#### Data segment

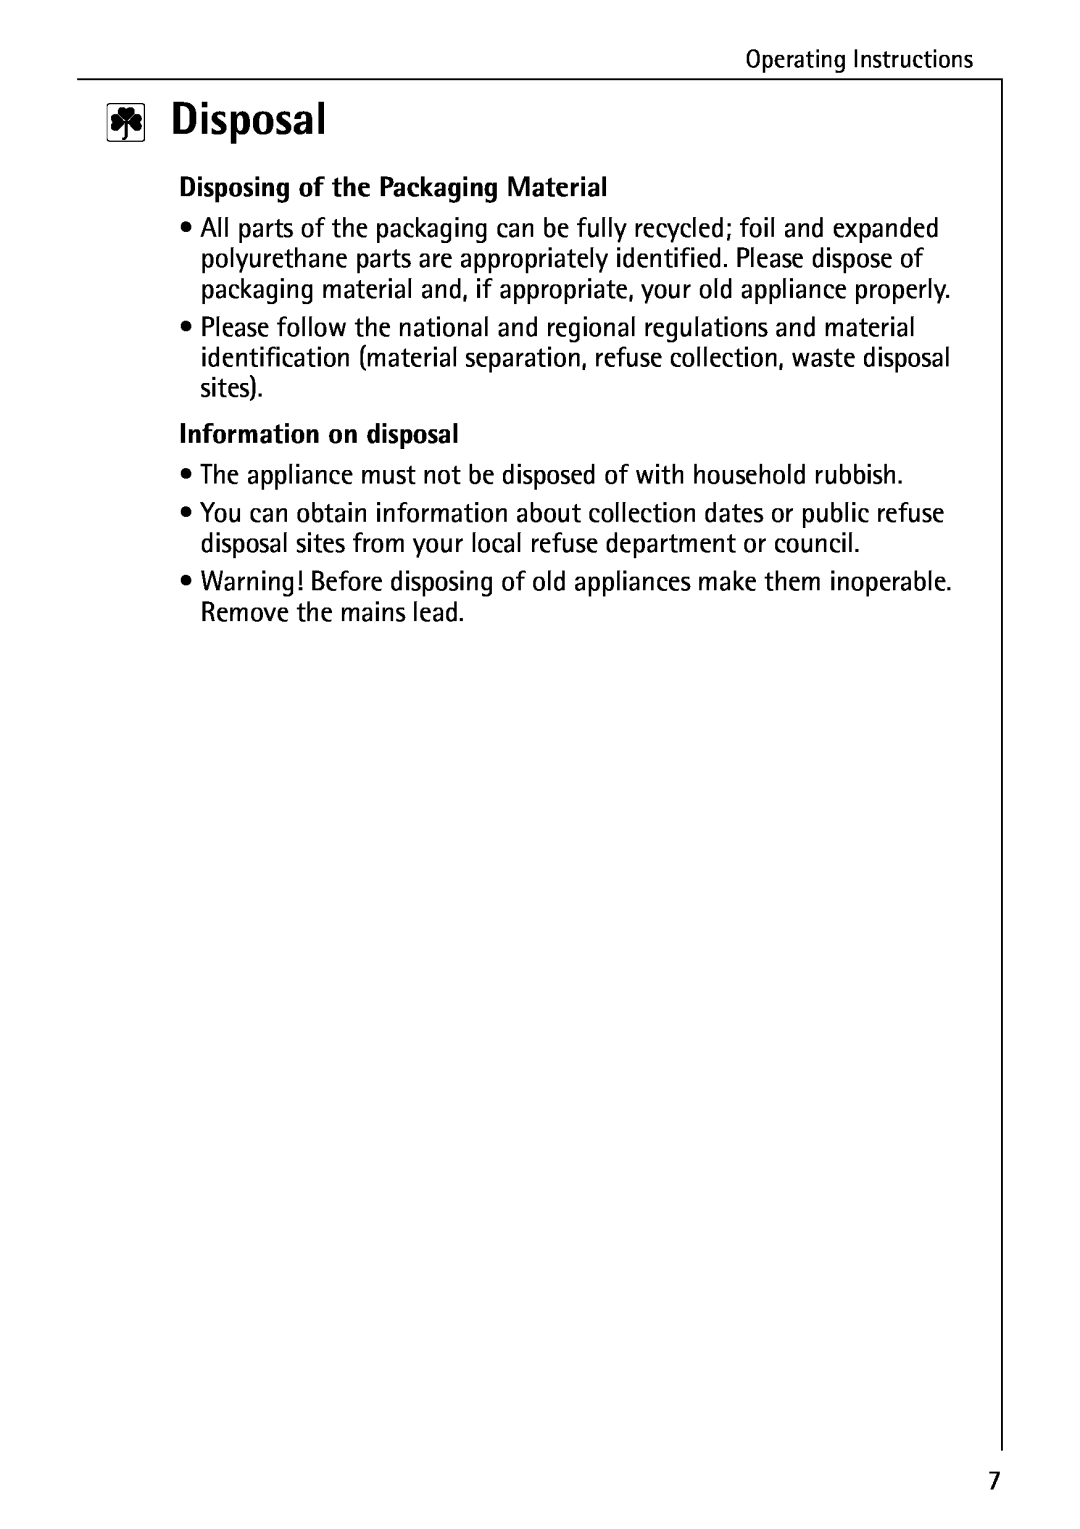 Electrolux C65030K operating instructions 2Disposal, Disposing of the Packaging Material, Information on disposal 
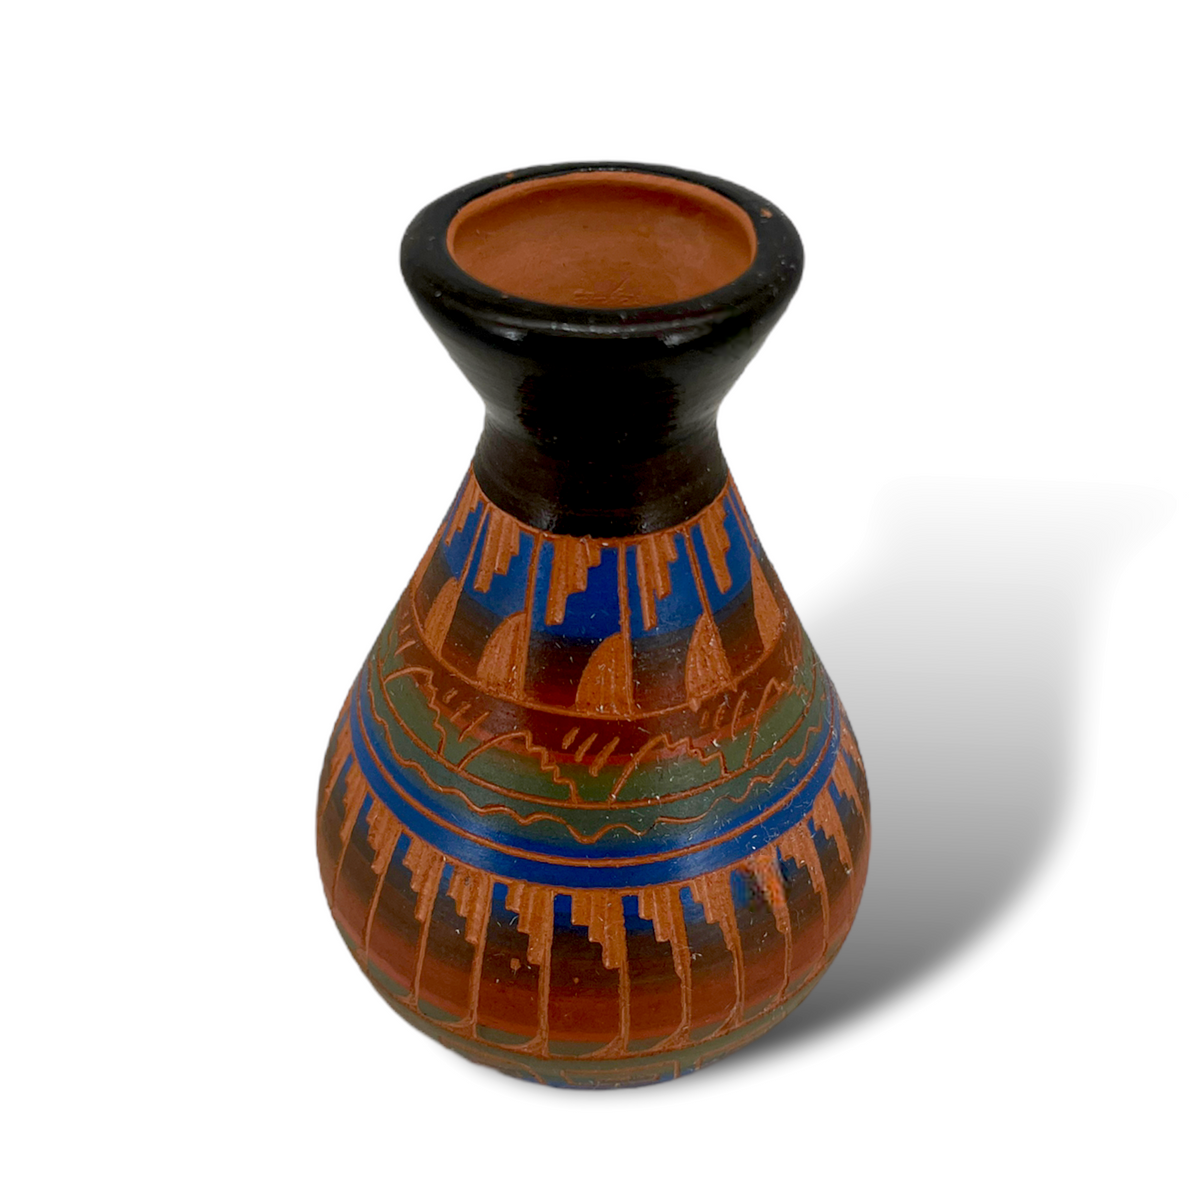 Authentic Native American Pottery, Miniature Traditional Vase Style, Genuine Navajo Tribe USA Handpainted and Etched, Artist Signed, Southwestern Home Decor Collectible
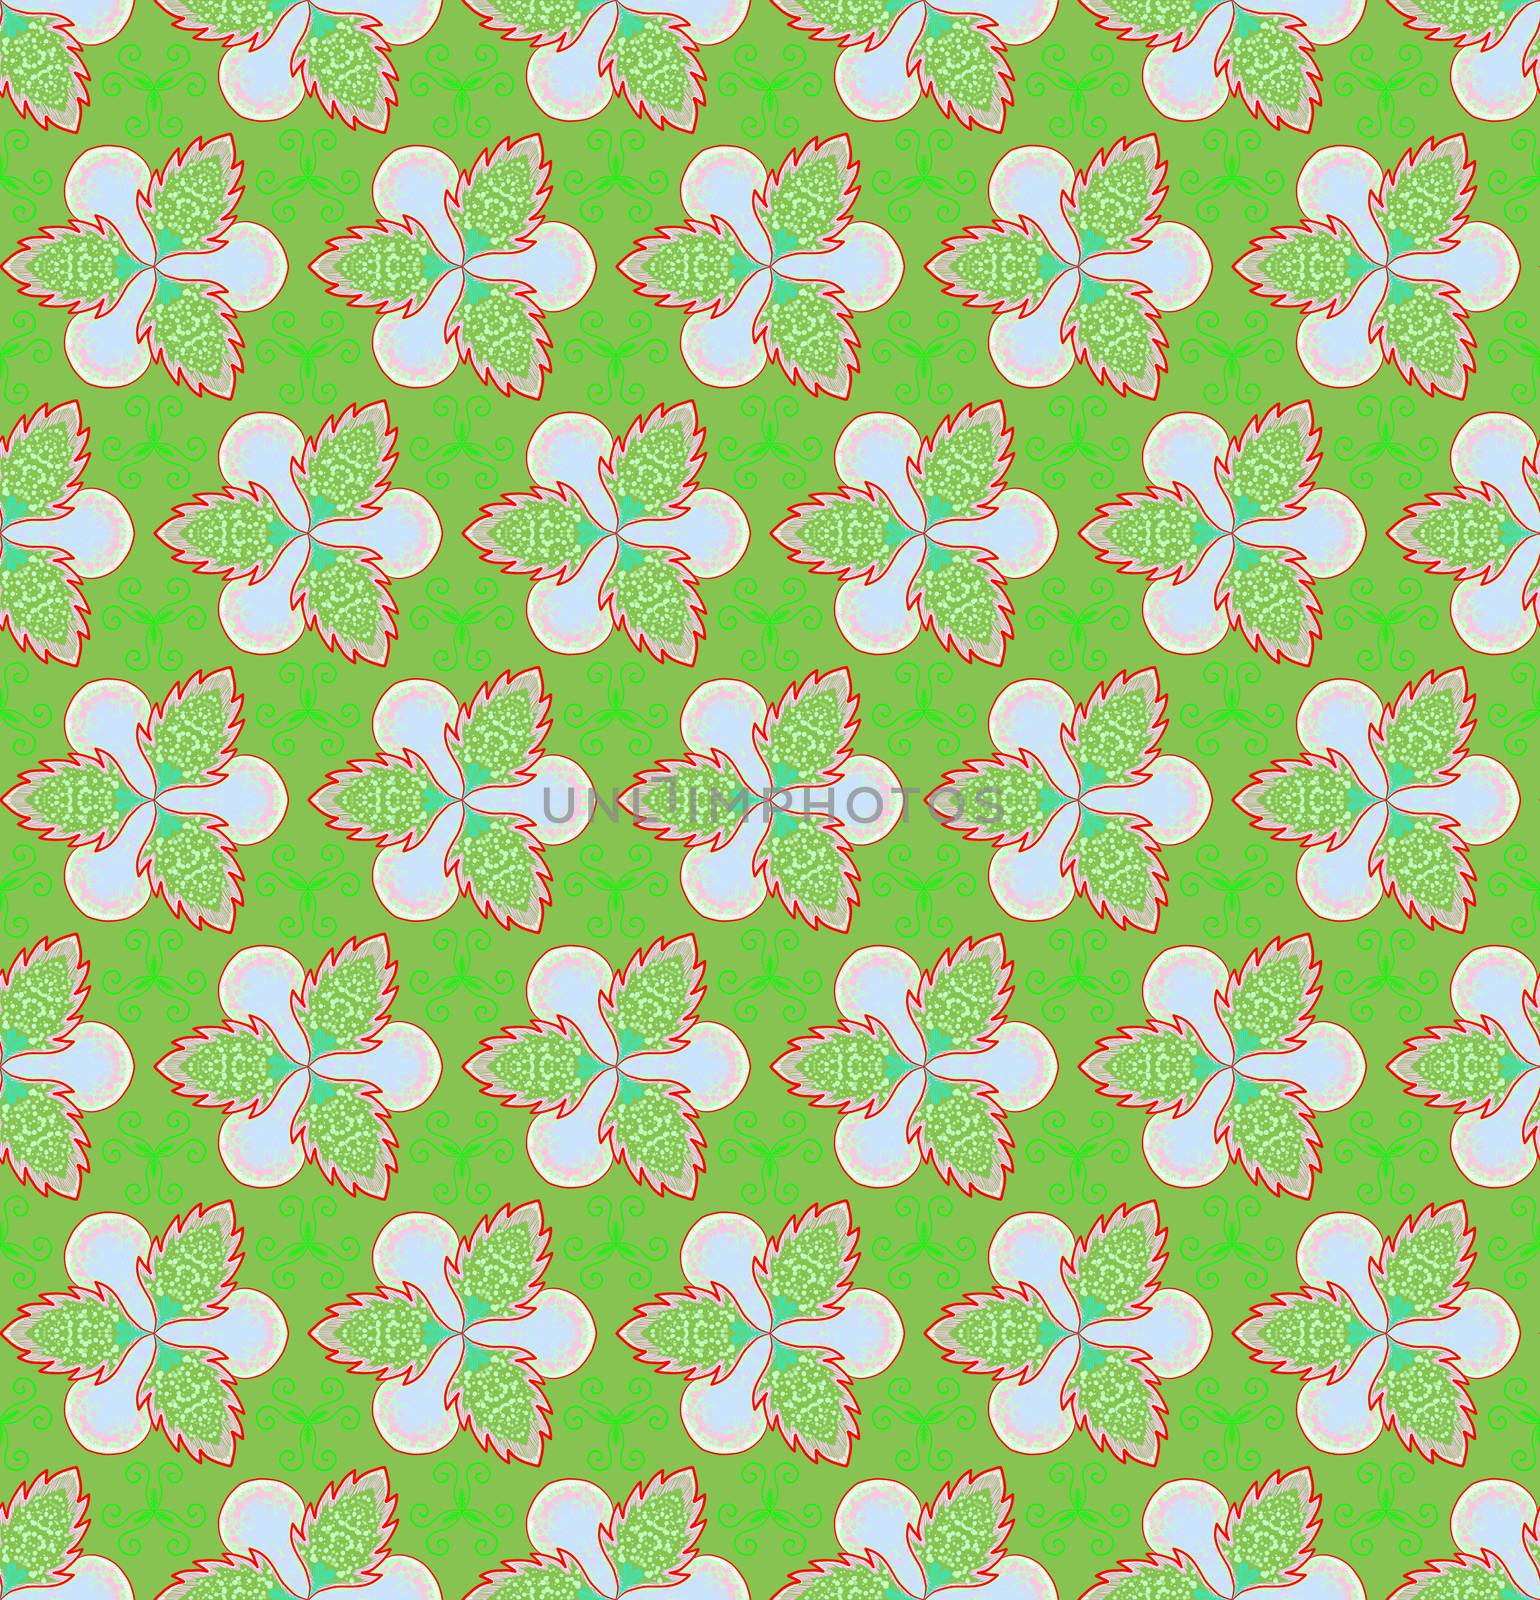 Green flower and ivy on green background Christmas seamless patterns by eaglesky

########

What you have to do
Make an exact copy of the listing, with no images in it.

Written response
 Electrolux C65030K operating instructions 2Disposal, Disposing of the Packaging Material, Information on disposal 
 Authentic Native American Pottery, Miniature Traditional Vase Style, Genuine Navajo Tribe USA Handpainted and Etched, Artist Signed, Southwestern Home Decor Collectible
 Green flower and ivy on green background Christmas seamless patterns by eaglesky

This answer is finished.